Dans toutes ces hypothèses, comme dans le cadre plus large des réflexions en cours sur le développement du gouvernement ouvert, il ne faut pas perdre de vue que l’essor de la démocratie participative peut se heurter à des résistances. Au-delà du fait que les élus « ont été socialisés au sein des institutions et ont donc développé un attachement fort à leur fonction, en particulier au niveau parlementaire79 », une partie de la doctrine s’accorde pour affirmer que « la participation devient un "trophée politique" disputé au sein même des institutions par des entrepreneurs concurrents. In fine, le cadrage institutionnel de la participation est domestiqué par le pouvoir exécutif et les réformateurs managériaux, qui la privent d’un pilotage indépendant et potentiellement gênant80 ». C’est pourquoi tout cela implique la mise en place d’une gouvernance collective dans laquelle les citoyens et les élus interagissent sur un pied d’égalité pour façonner les décisions politiques.

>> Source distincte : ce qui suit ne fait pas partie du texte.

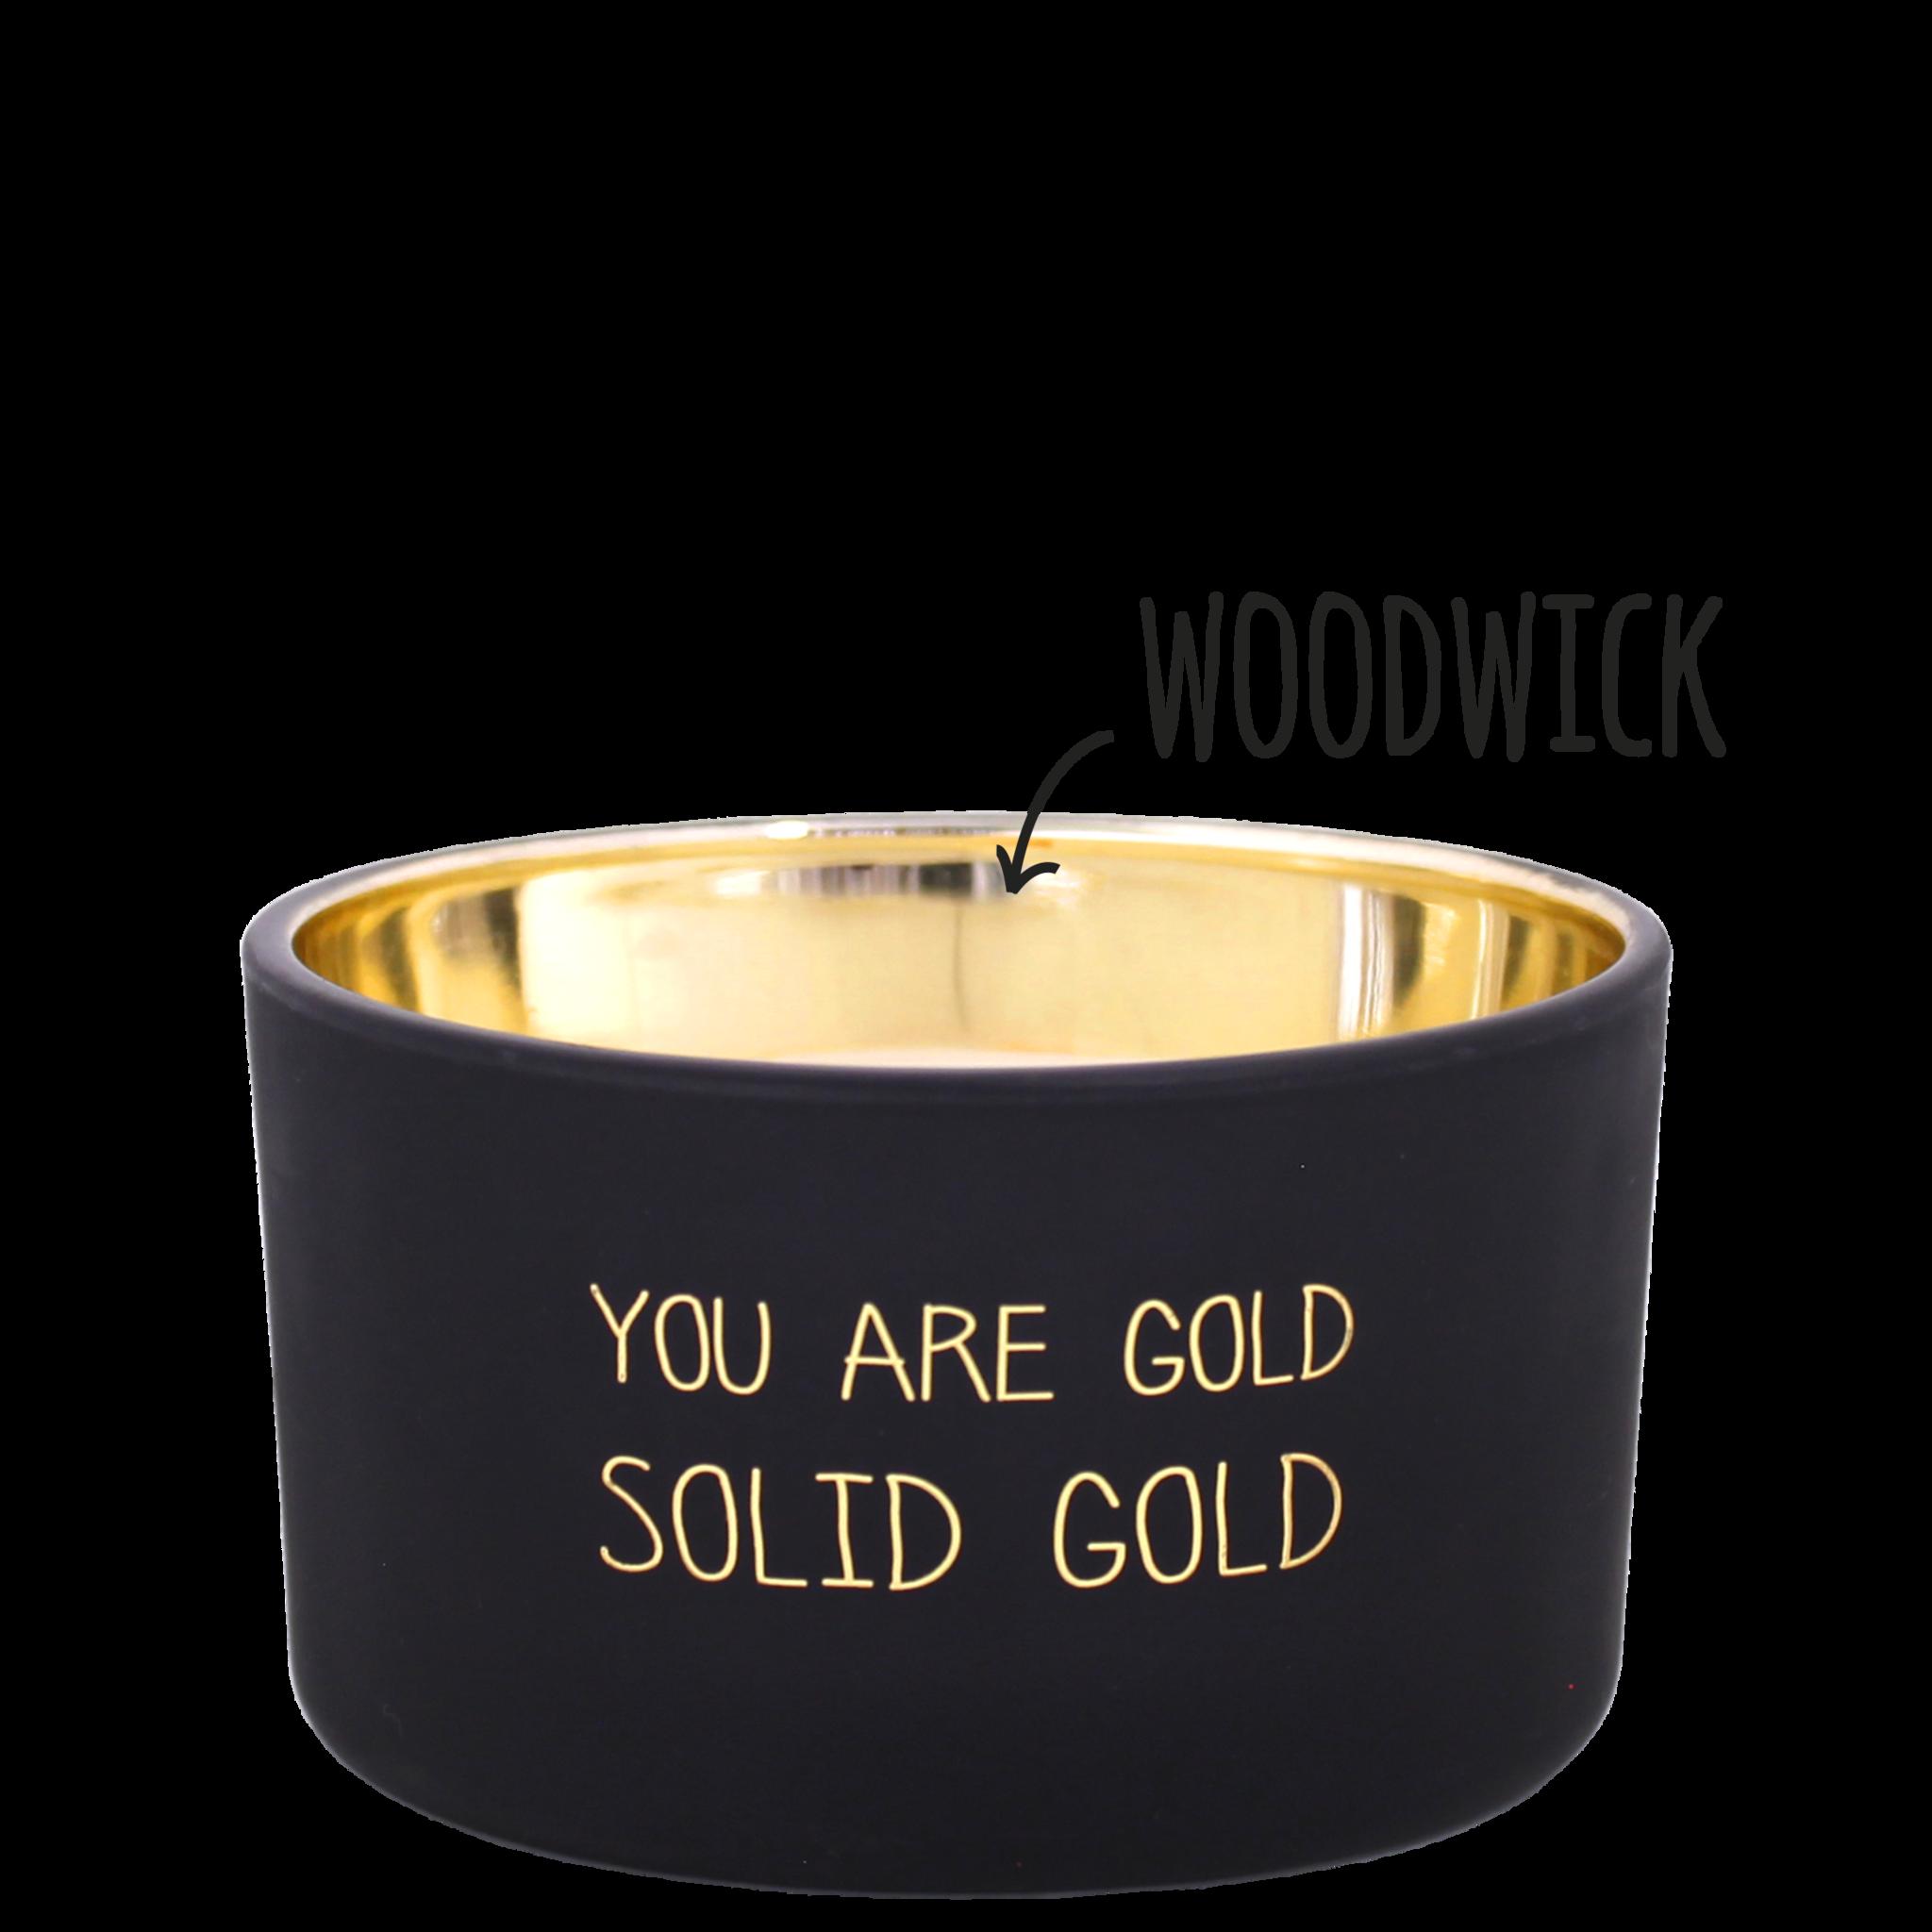 Bio sojakaars met geur - YOU ARE GOLD - Sandalwood Spice-1

À un moment où la France a décidé de faire du gouvernement ouvert « une brique importante de son modèle démocratique81 », ce qui suppose d’engager une réflexion sur la capacité des citoyens à s’engager dans une participation effective à la construction des politiques publiques, l’expérience conduite en Belgique doit pouvoir nous servir à évaluer la capacité de notre système juridique et politique à mieux articuler démocratie représentative et participation citoyenne.